Work required:
Beginning with the line that holds "Cardio and weight" and finishing with the line that holds "Sad or thoughtful", repeat the listing exactly, leaving every picture out.

Data excerpts:
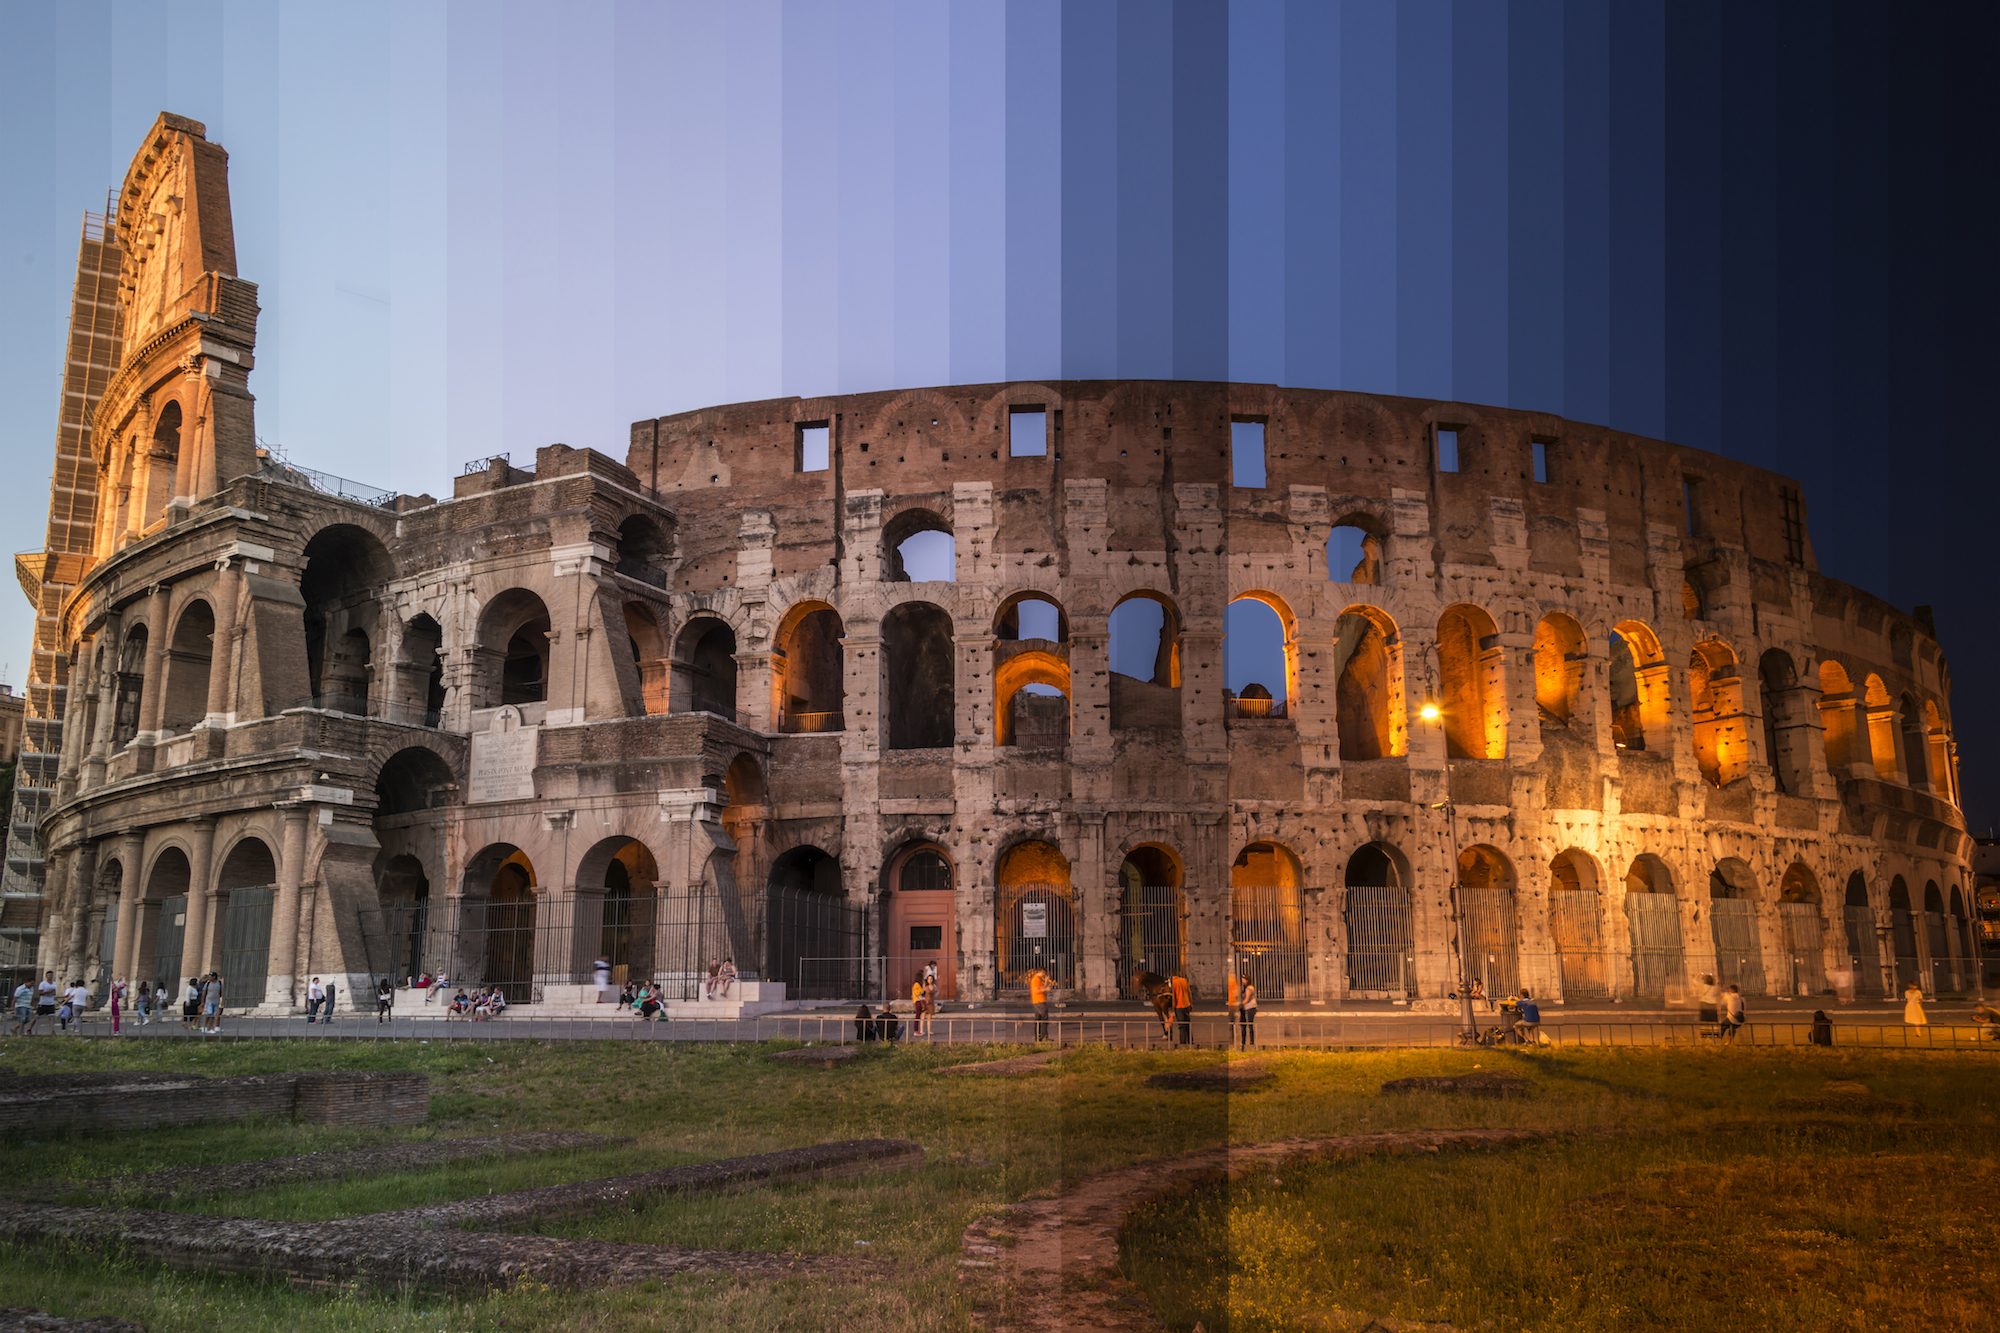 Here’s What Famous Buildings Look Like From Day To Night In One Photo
---
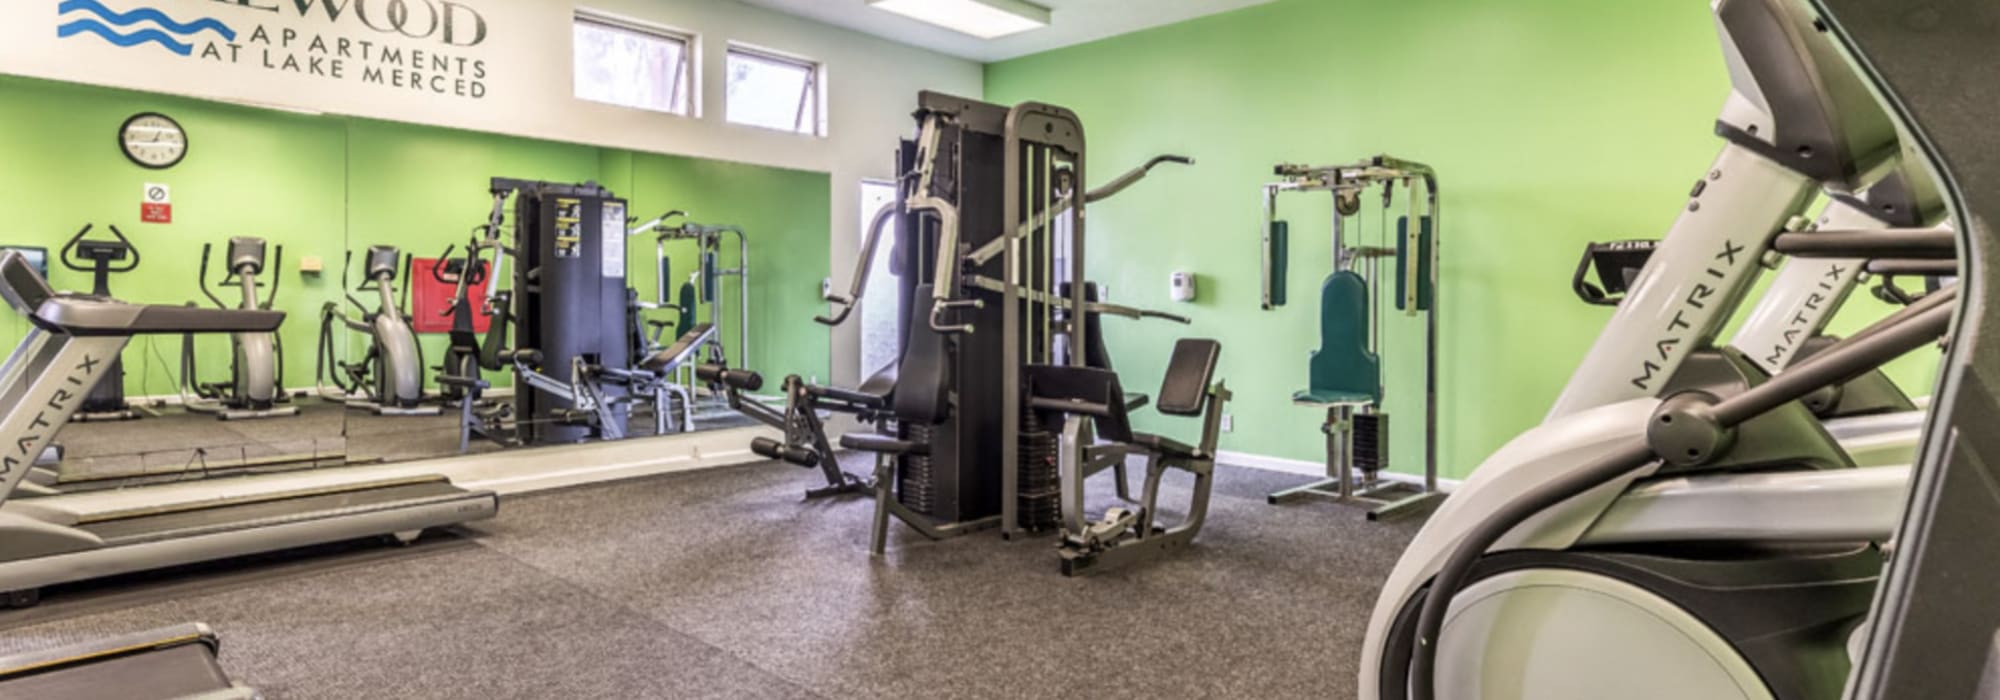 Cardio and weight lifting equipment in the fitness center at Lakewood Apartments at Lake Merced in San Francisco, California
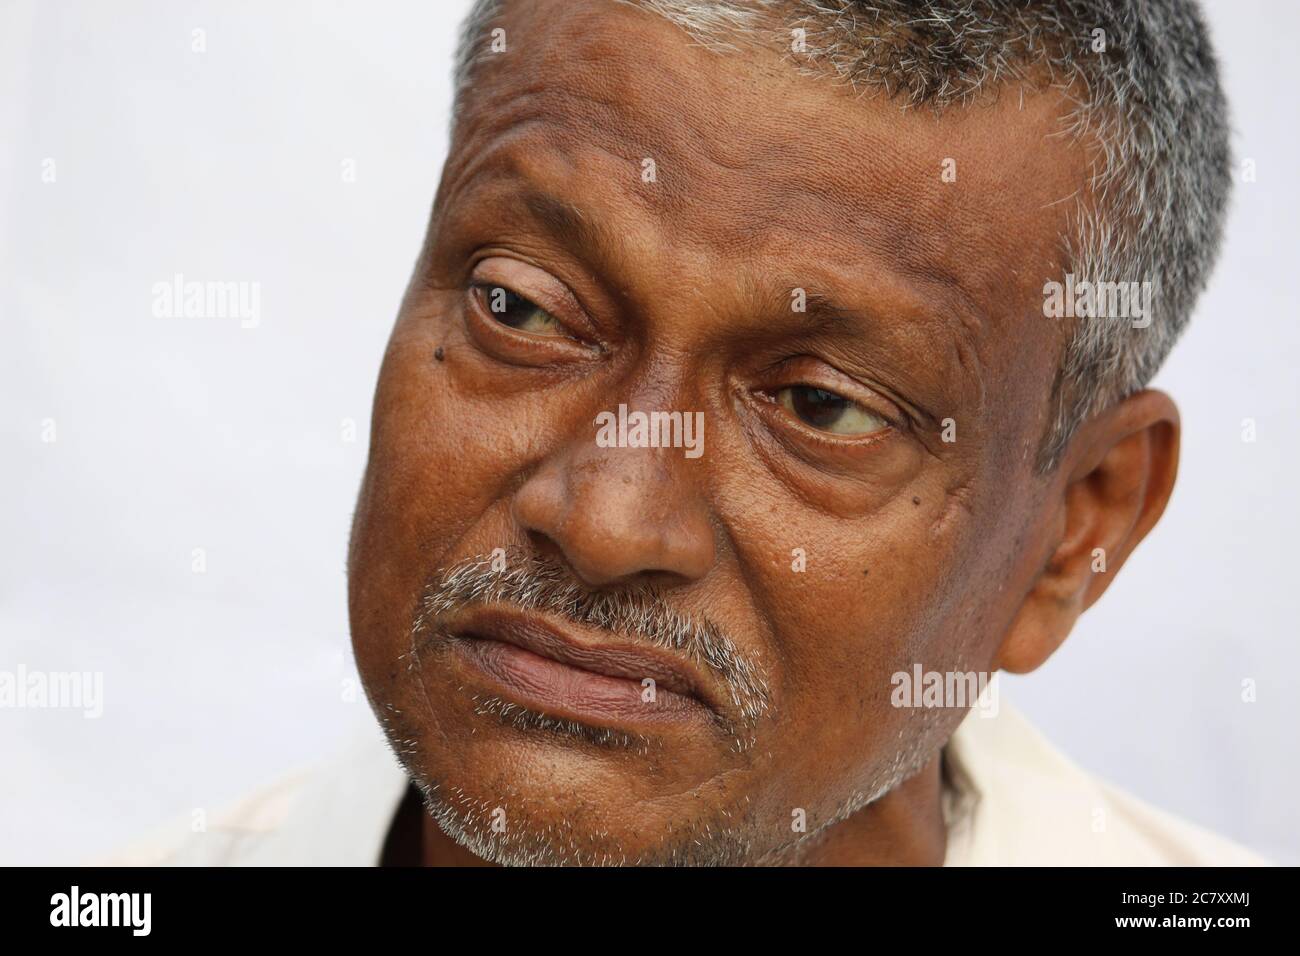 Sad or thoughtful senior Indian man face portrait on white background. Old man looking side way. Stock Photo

Answer to this task:
 Cardio and weight lifting equipment in the fitness center at Lakewood Apartments at Lake Merced in San Francisco, California
 Sad or thoughtful senior Indian man face portrait on white background. Old man looking side way. Stock Photo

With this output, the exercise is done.